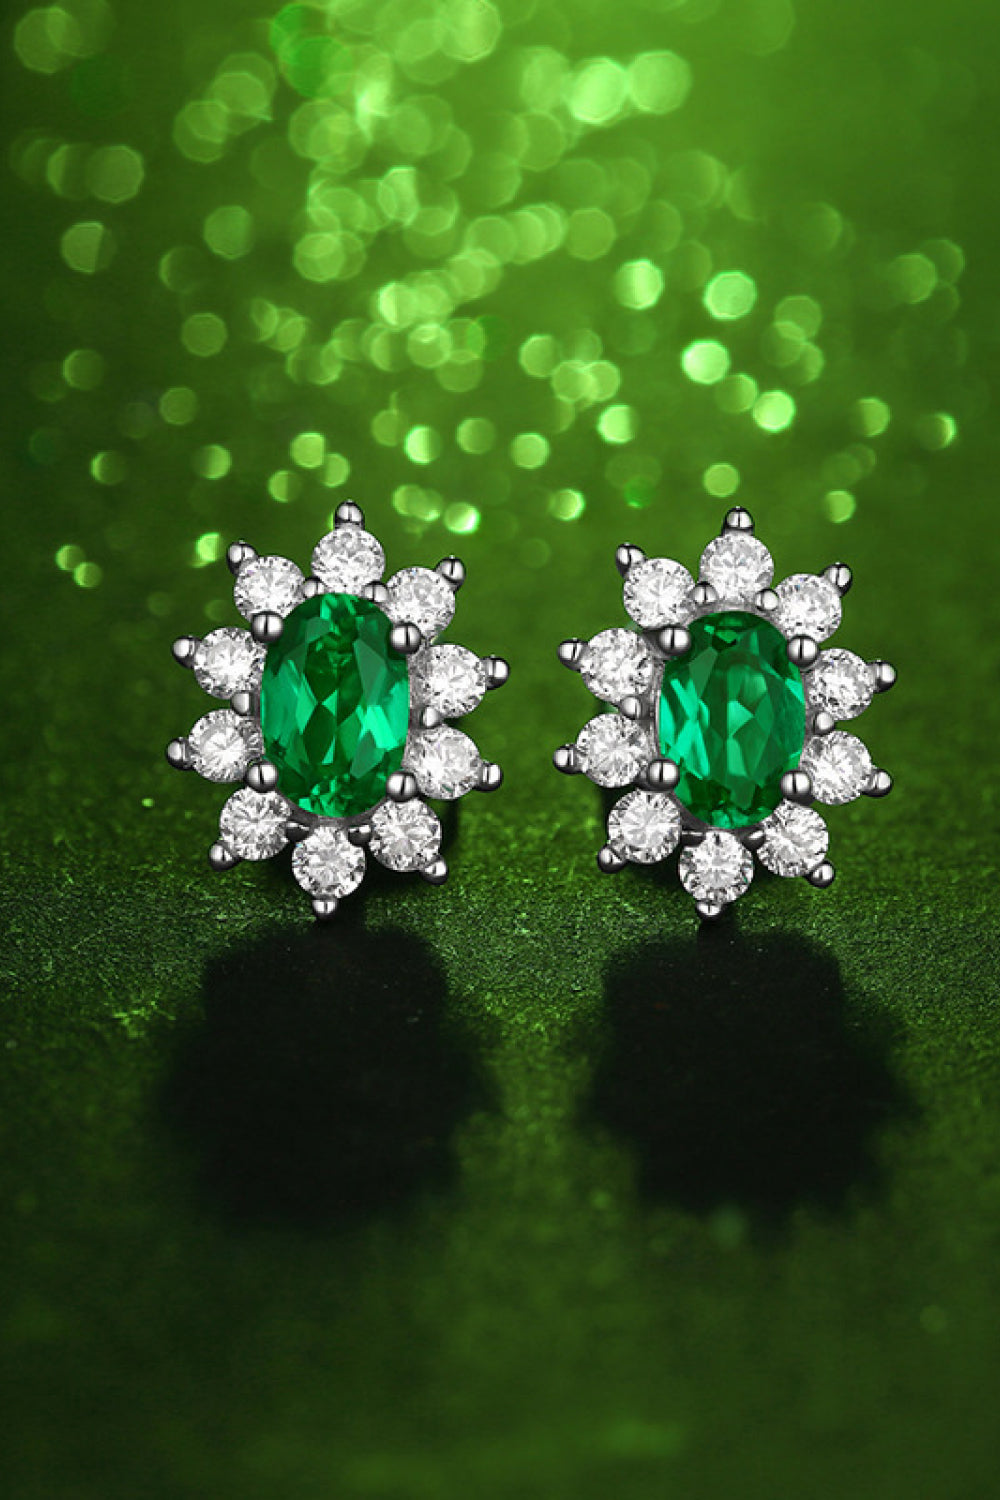 1 Carat Emerald Stud Earrings
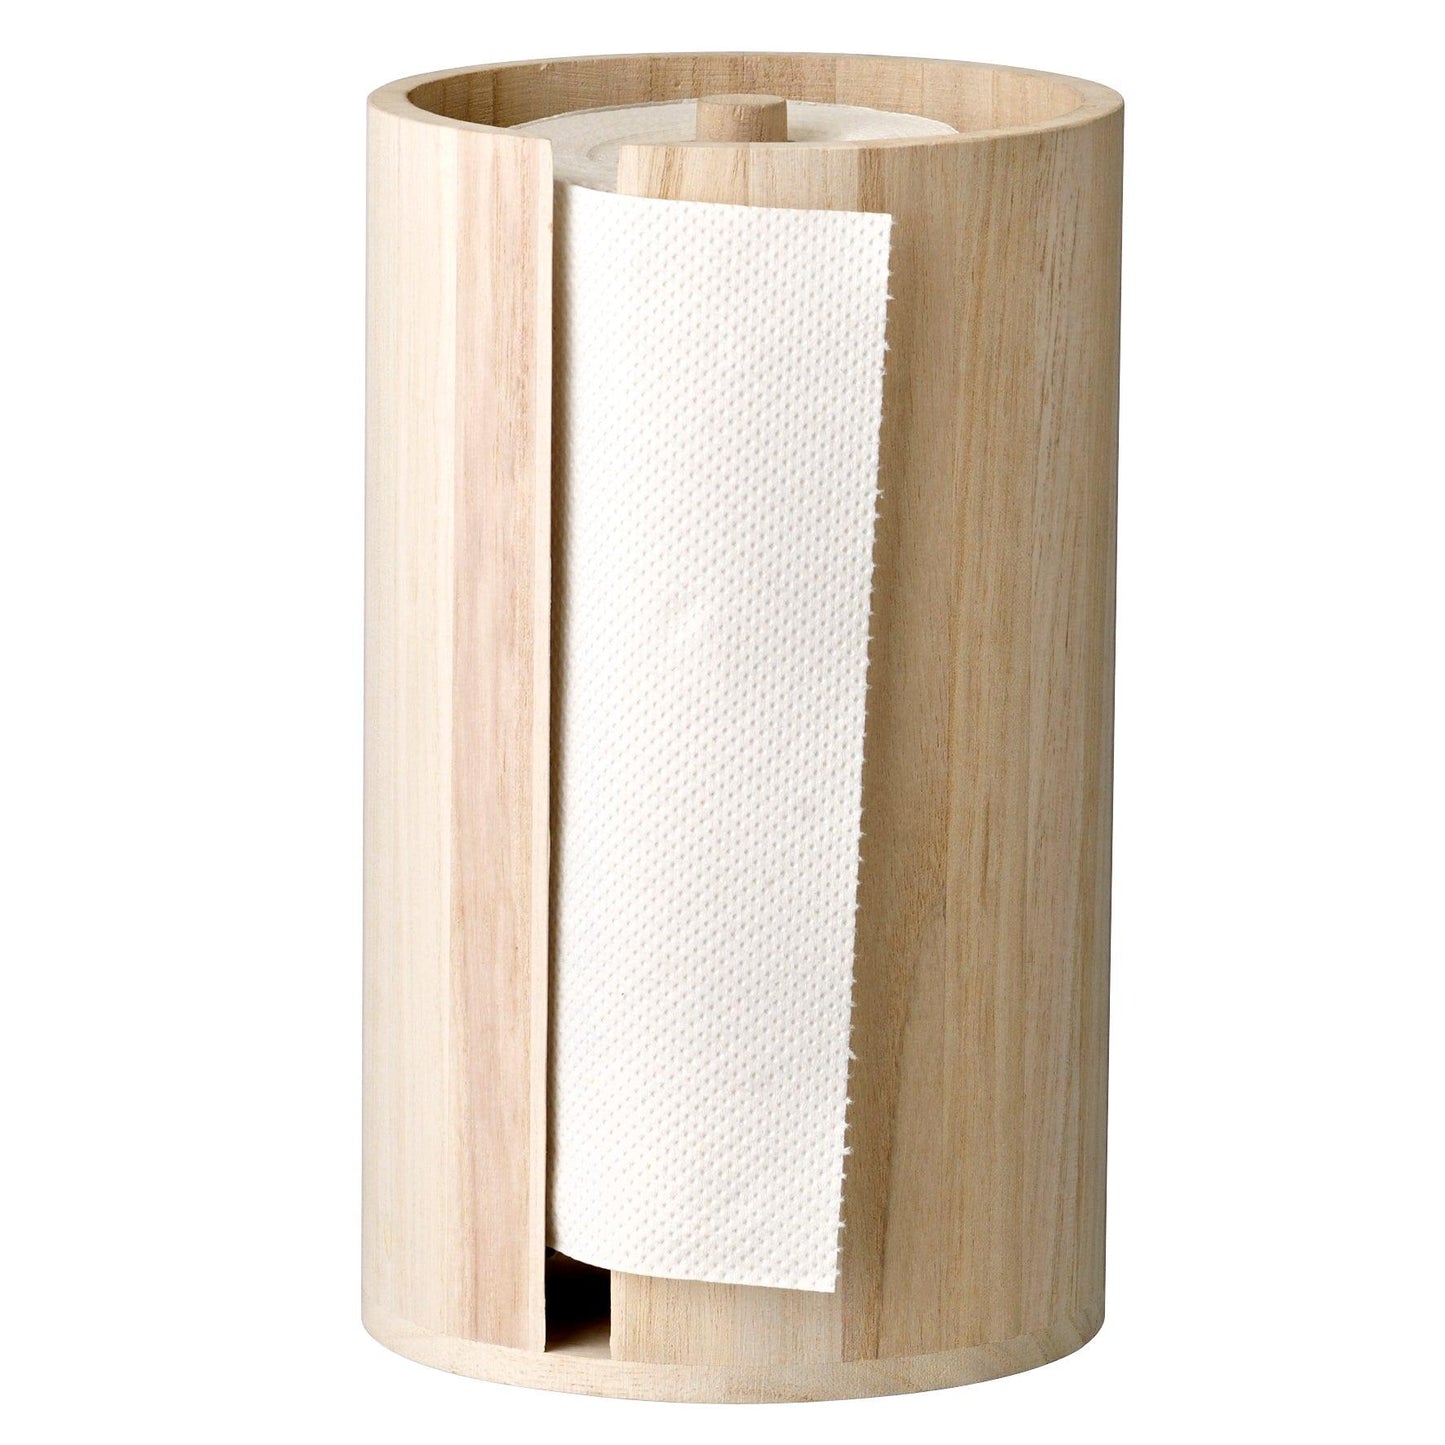 Wood Keitchen Paper
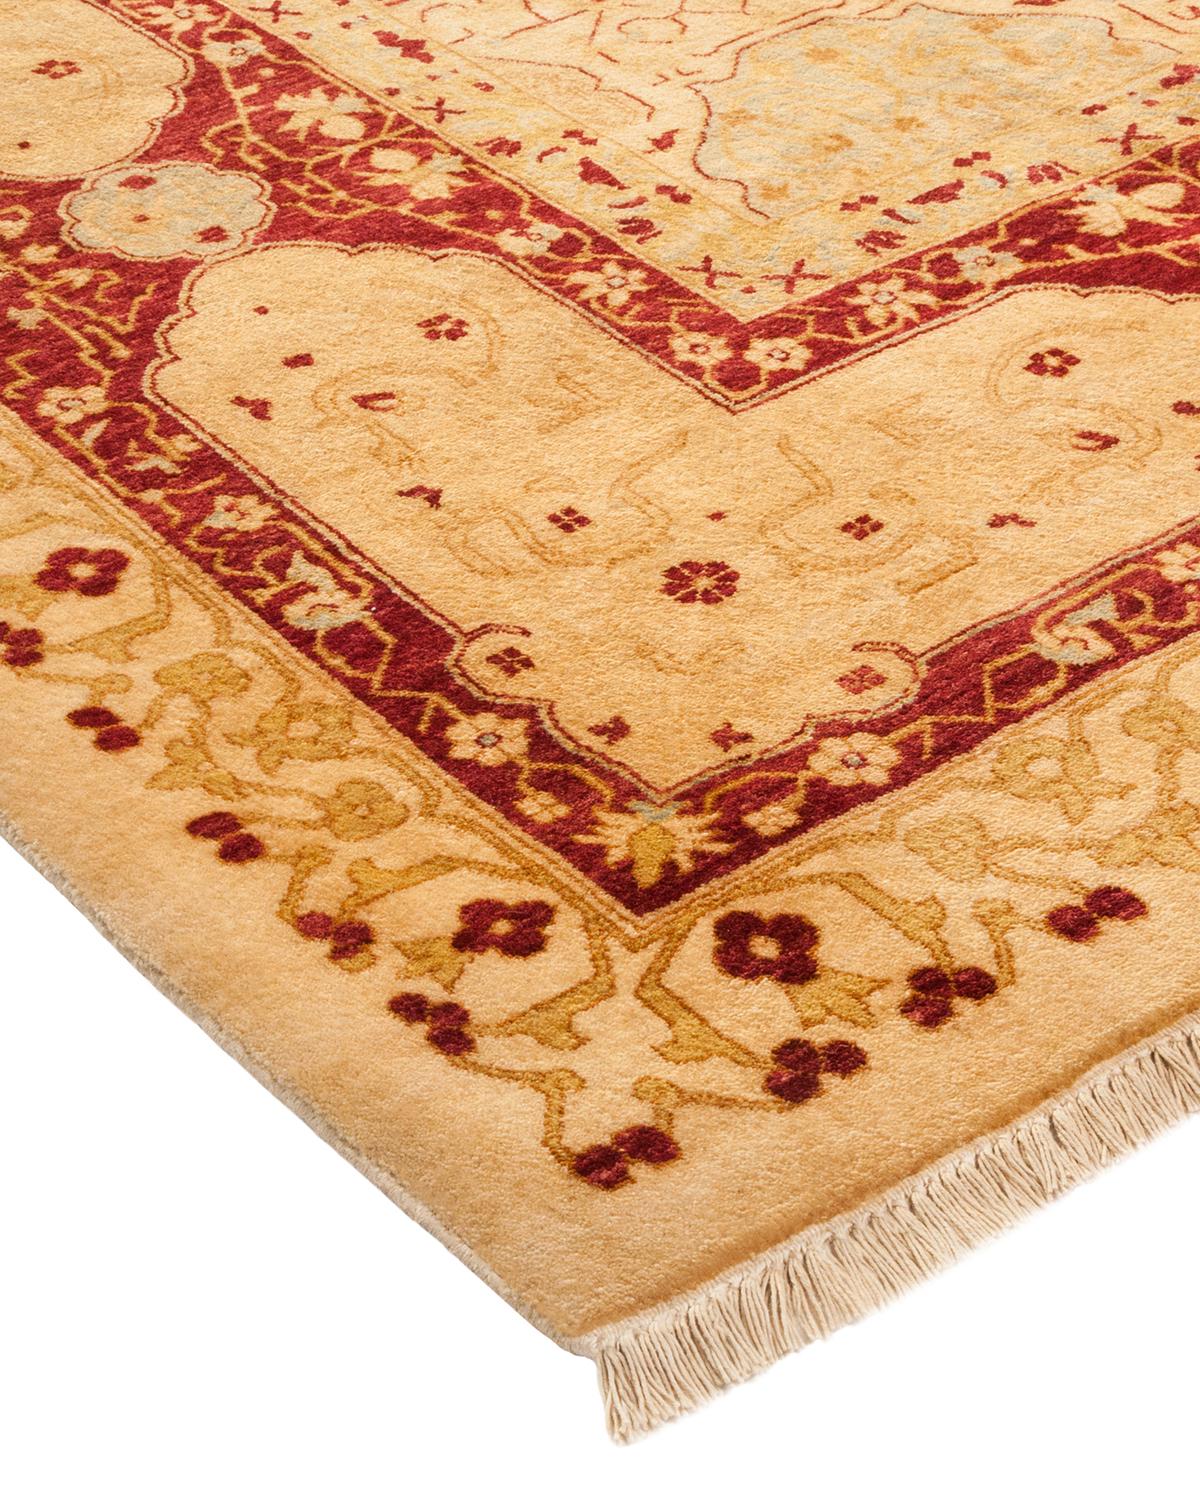 Avec leurs palettes discrètes et leurs motifs en relief, les tapis de la collection Mogul apporteront une sophistication intemporelle à toutes les pièces. Influencés par un éventail de motifs turcs, indiens et persans, les artisans qui tissent à la
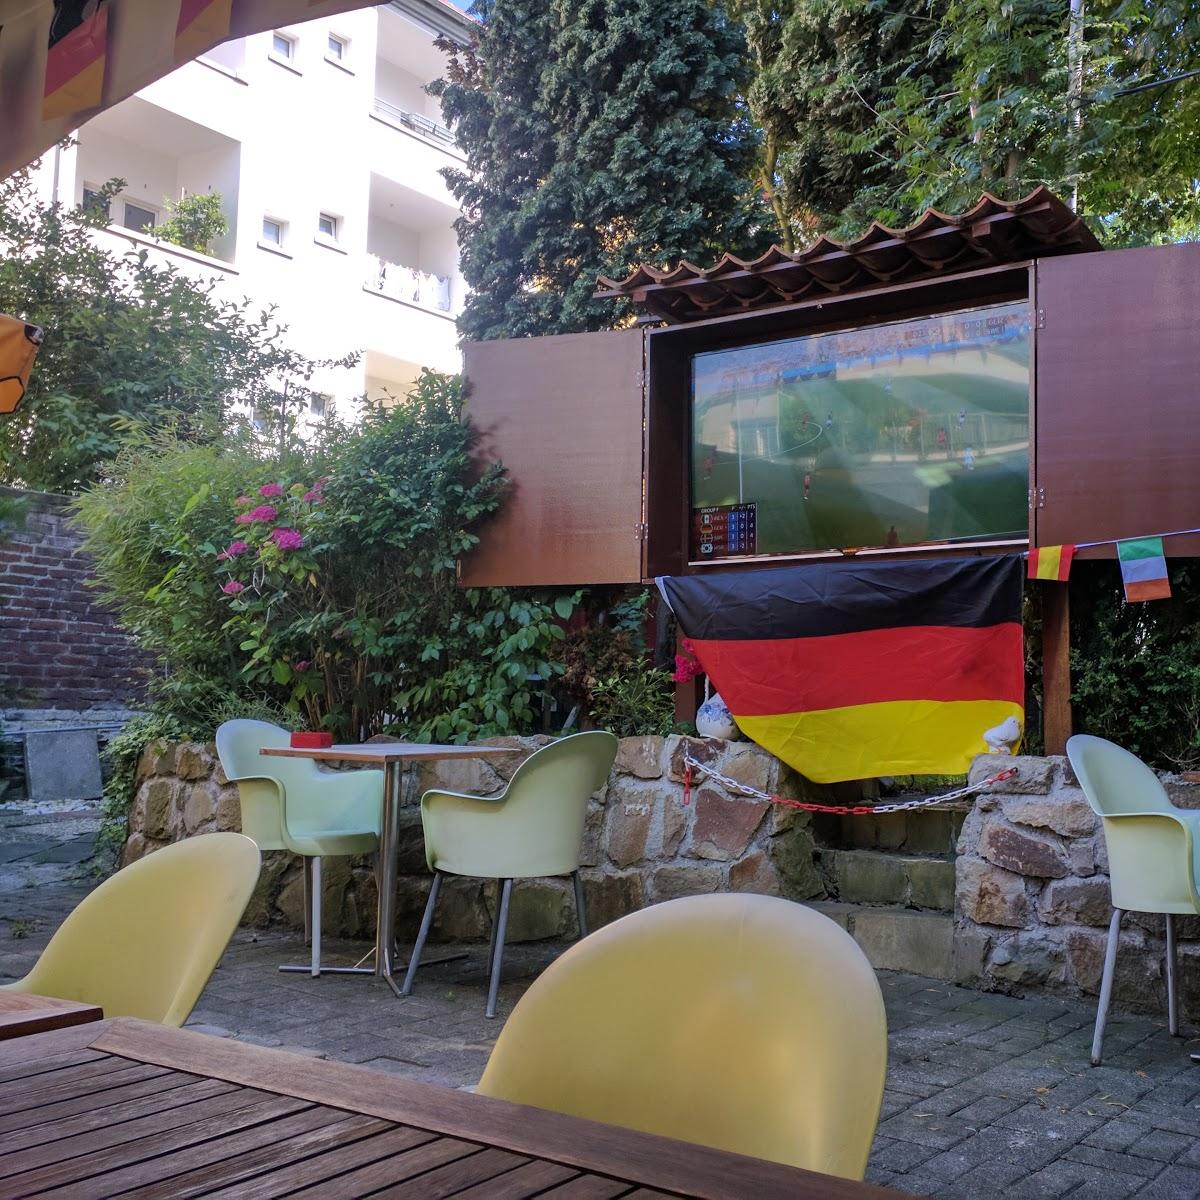 Restaurant "Schlemmer Grill" in Dortmund
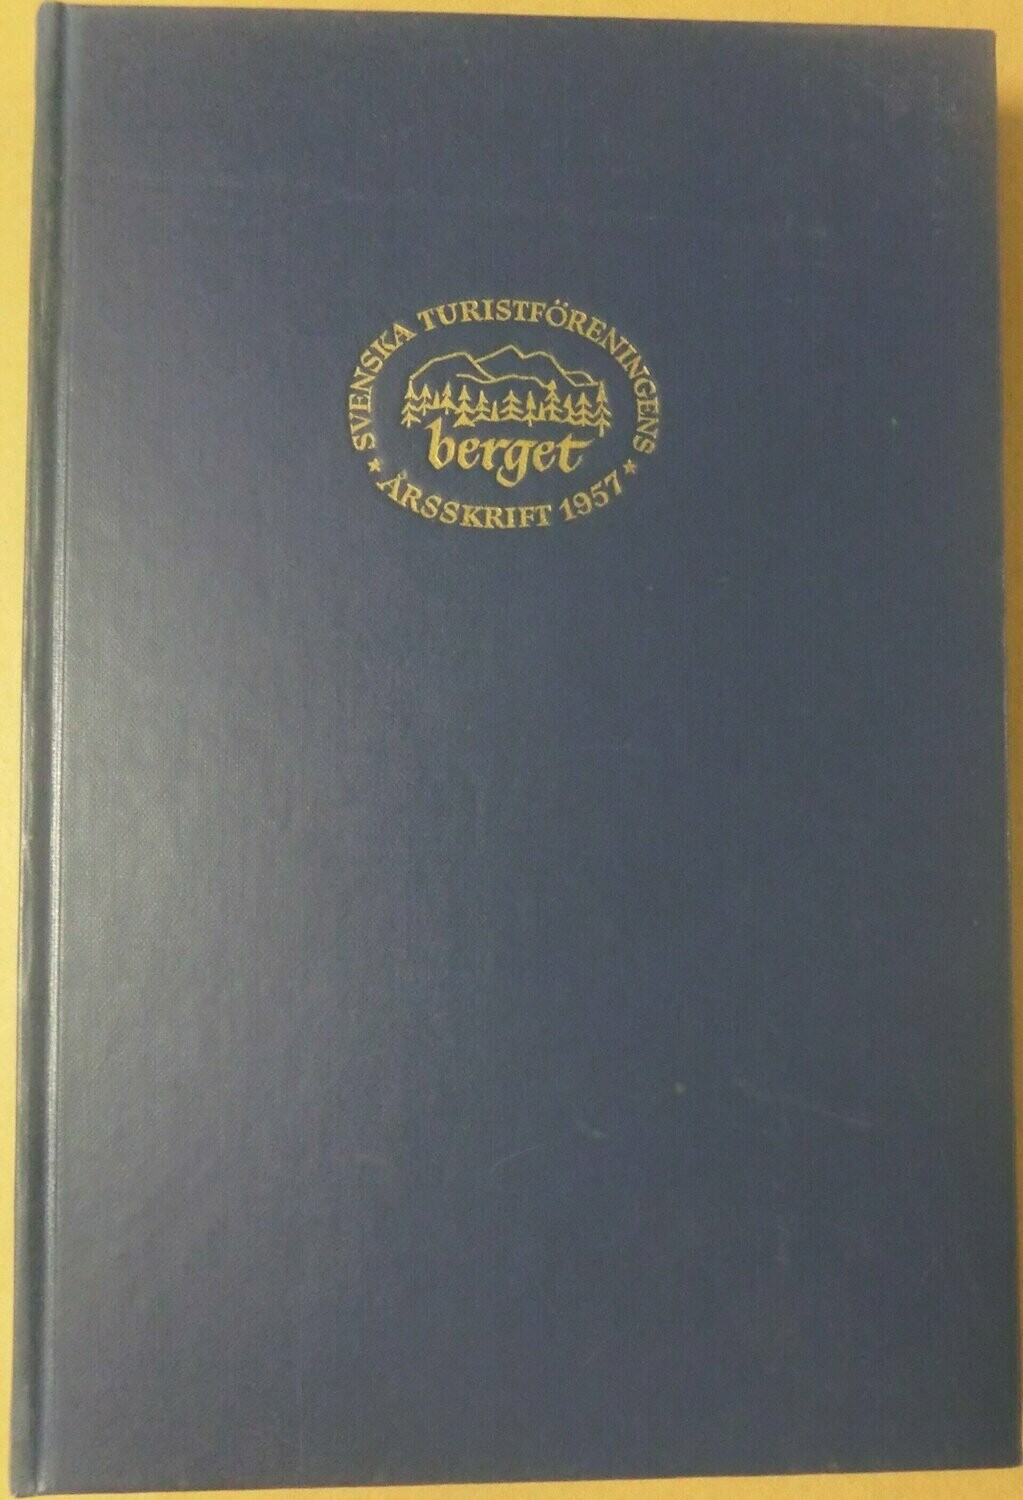 STF årsskrift 1957 - Berget

## YOUR OBJECTIVE
Pictures do not go in the copy; print every entry exactly as it stands.

## RESPONSE BELOW
 1 Carat Emerald Stud Earrings
 Wood Keitchen Paper
 Avec leurs palettes discrètes et leurs motifs en relief, les tapis de la collection Mogul apporteront une sophistication intemporelle à toutes les pièces. Influencés par un éventail de motifs turcs, indiens et persans, les artisans qui tissent à la
 Restaurant "Schlemmer Grill" in Dortmund
 STF årsskrift 1957 - Berget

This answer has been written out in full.